-- Opening Marker --
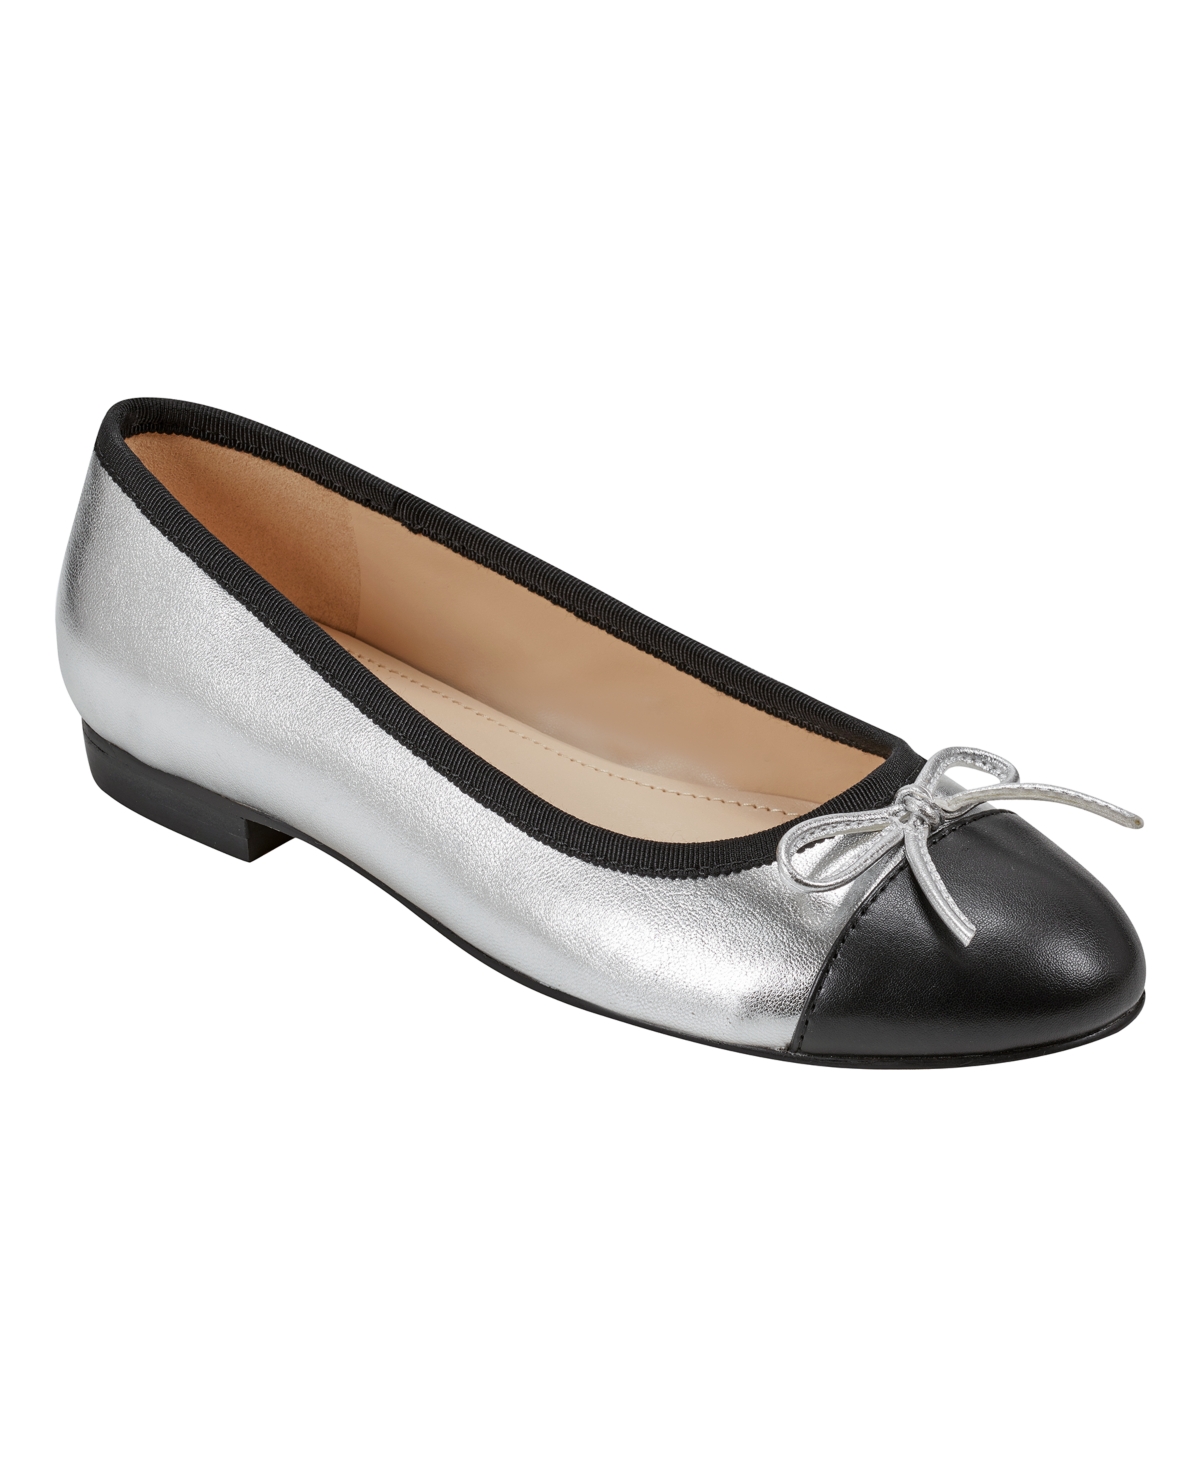 Women's Jodi Slip-On Dress Pointy Toe Ballet Flats - Silver
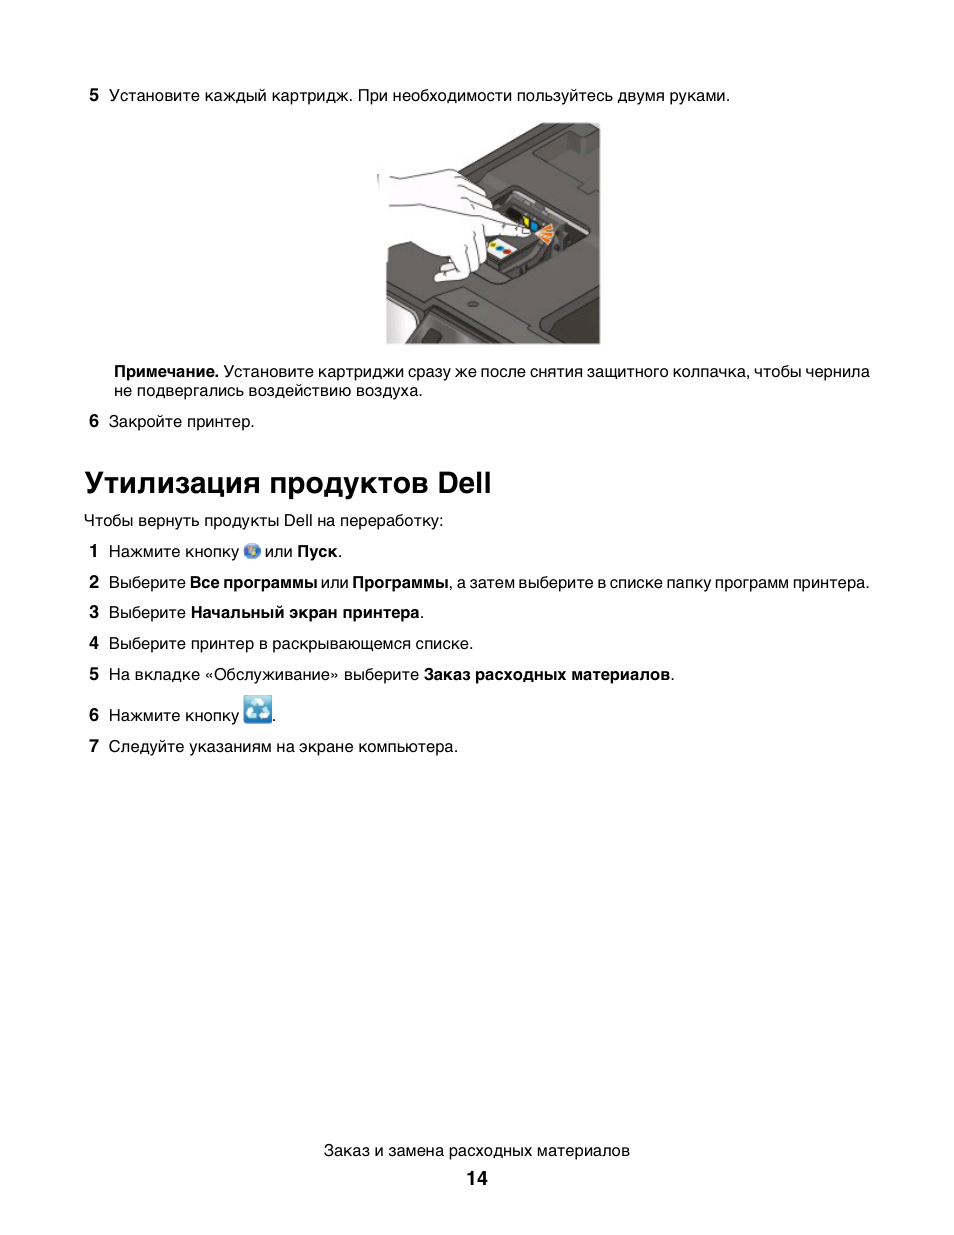 Утилизация продуктов dell | Инструкция по эксплуатации Dell P513w All In One Photo Printer | Страница 14 / 150
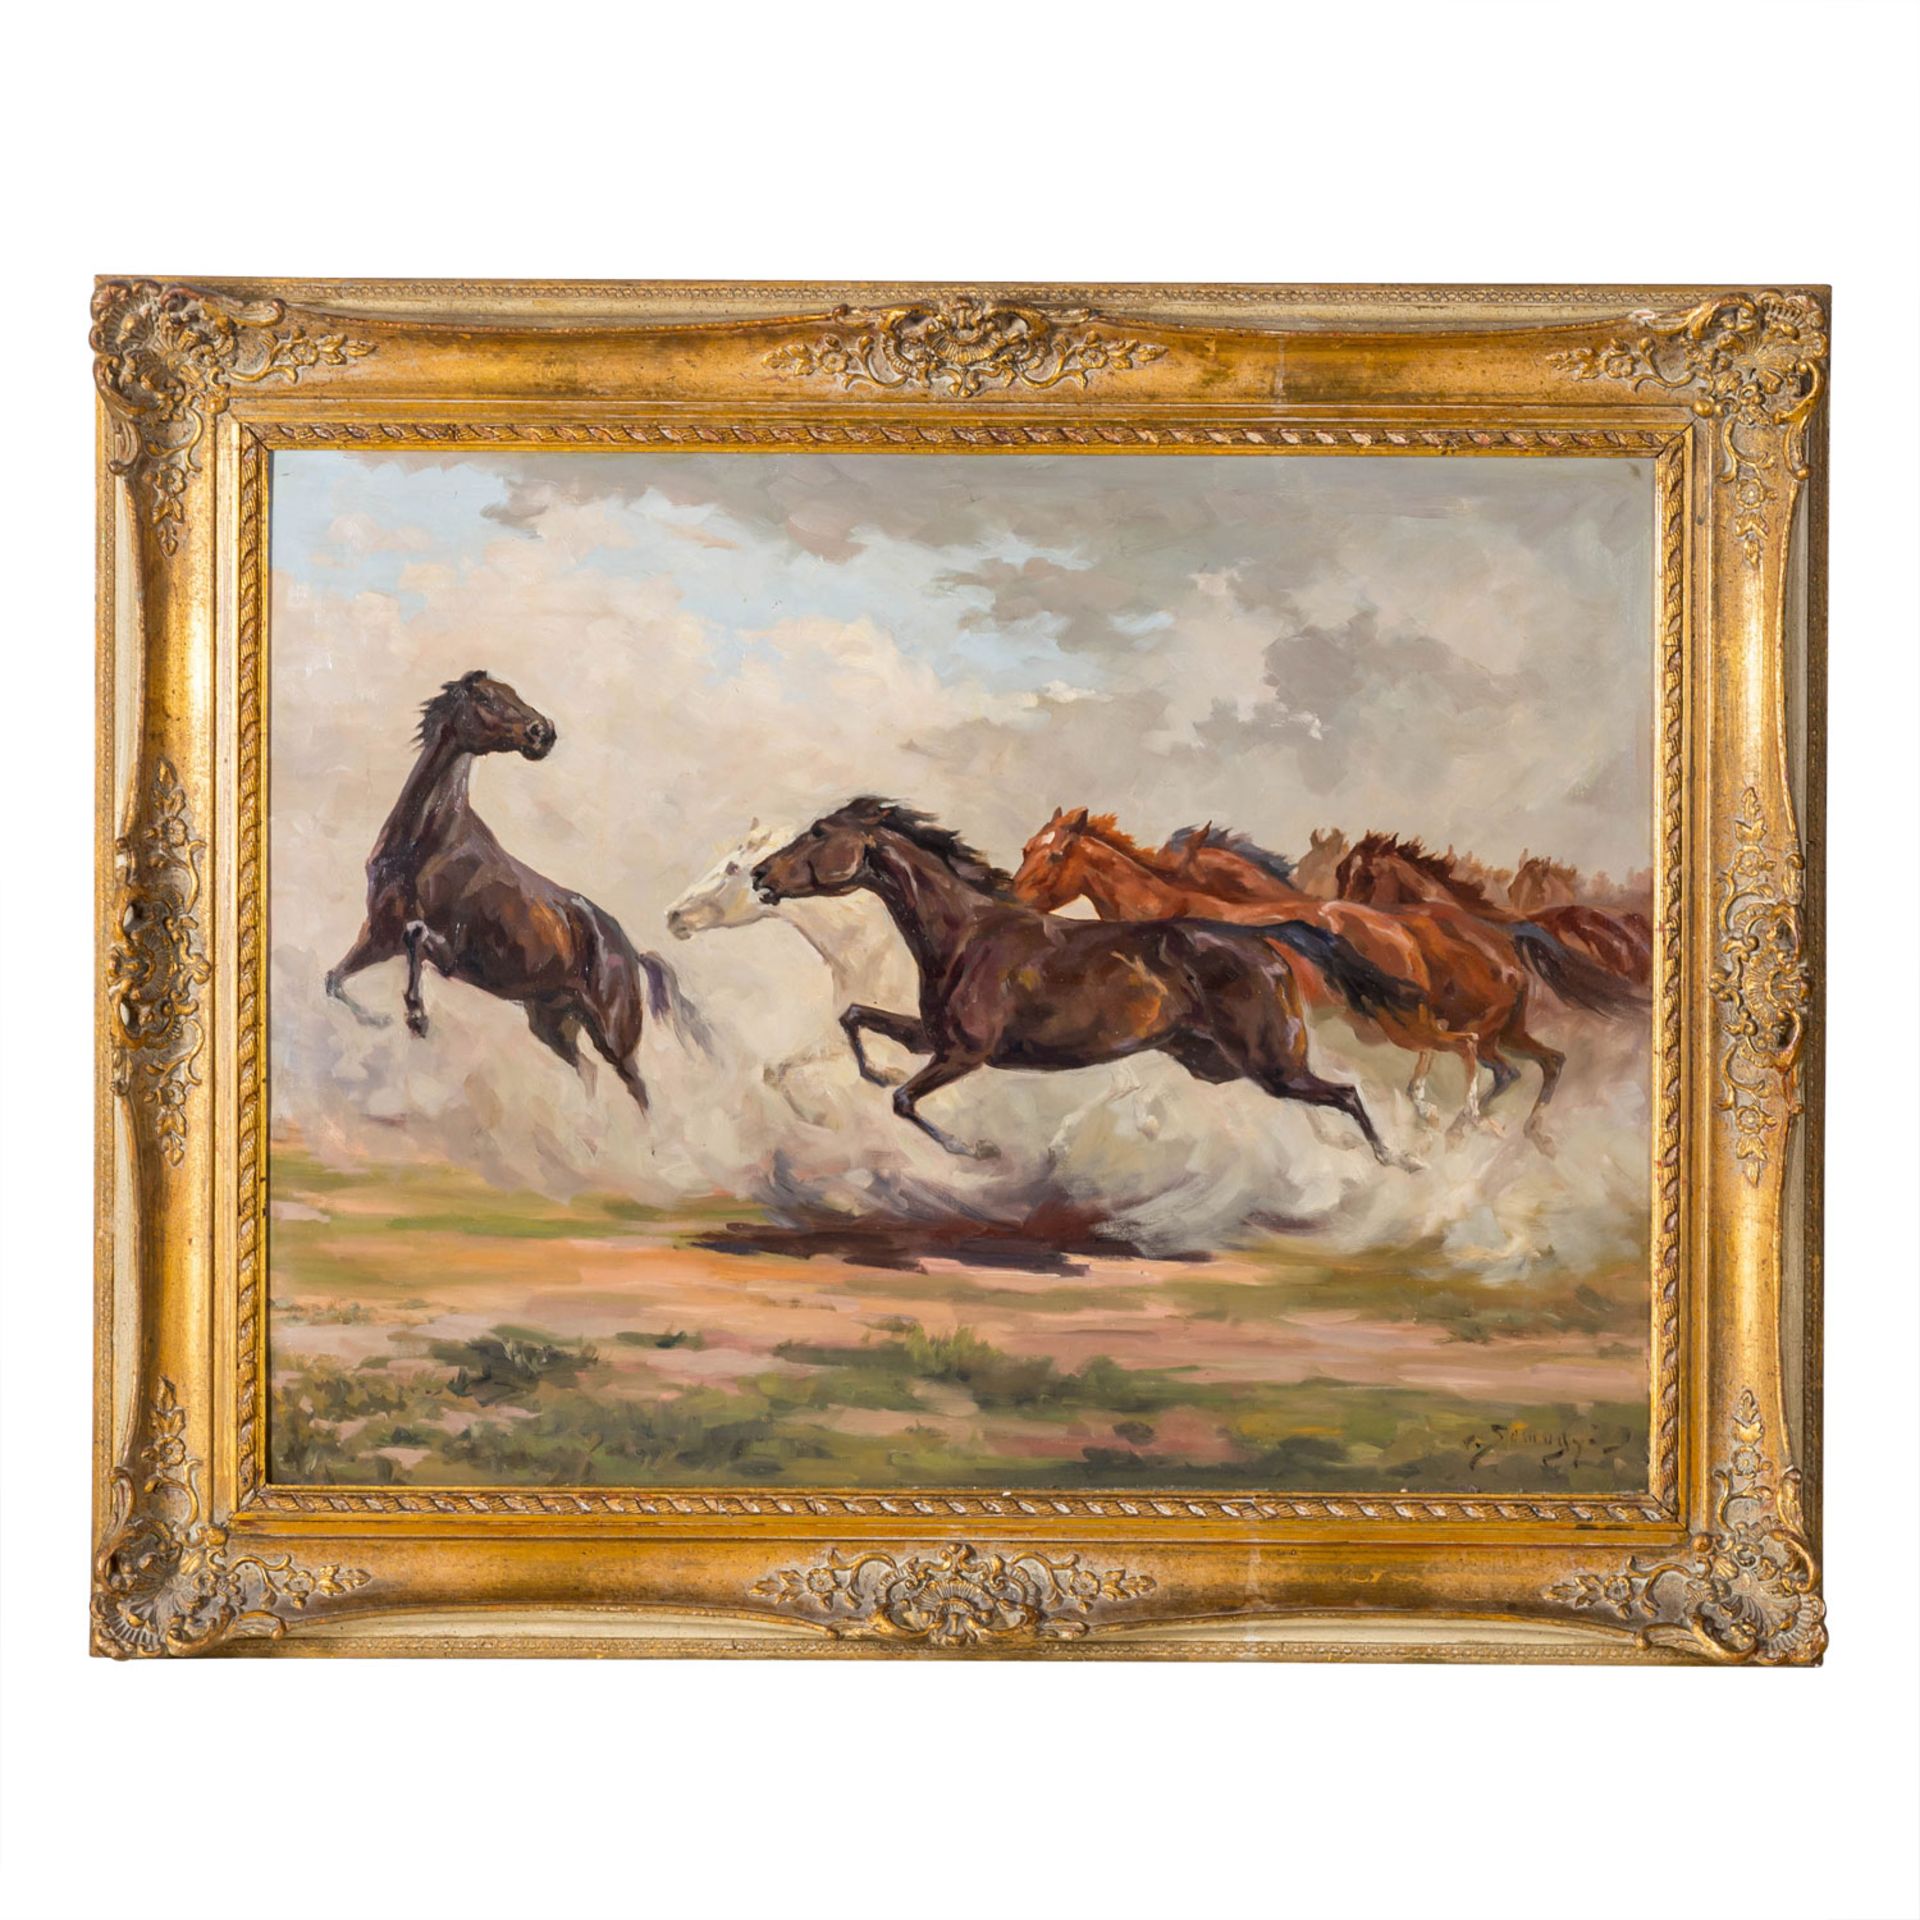 SOMOGYI, ISTVAN von (1897-1971), "Galoppierende Pferde in der Puszta", - Image 2 of 10
-- Closing Marker --
What you are asked to do>
Where a picture appears, skip it and copy the rest of the data word for word.

Solution>
 Women's Jodi Slip-On Dress Pointy Toe Ballet Flats - Silver
 Утилизация продуктов dell | Инструкция по эксплуатации Dell P513w All In One Photo Printer | Страница 14 / 150
 SOMOGYI, ISTVAN von (1897-1971), "Galoppierende Pferde in der Puszta", - Image 2 of 10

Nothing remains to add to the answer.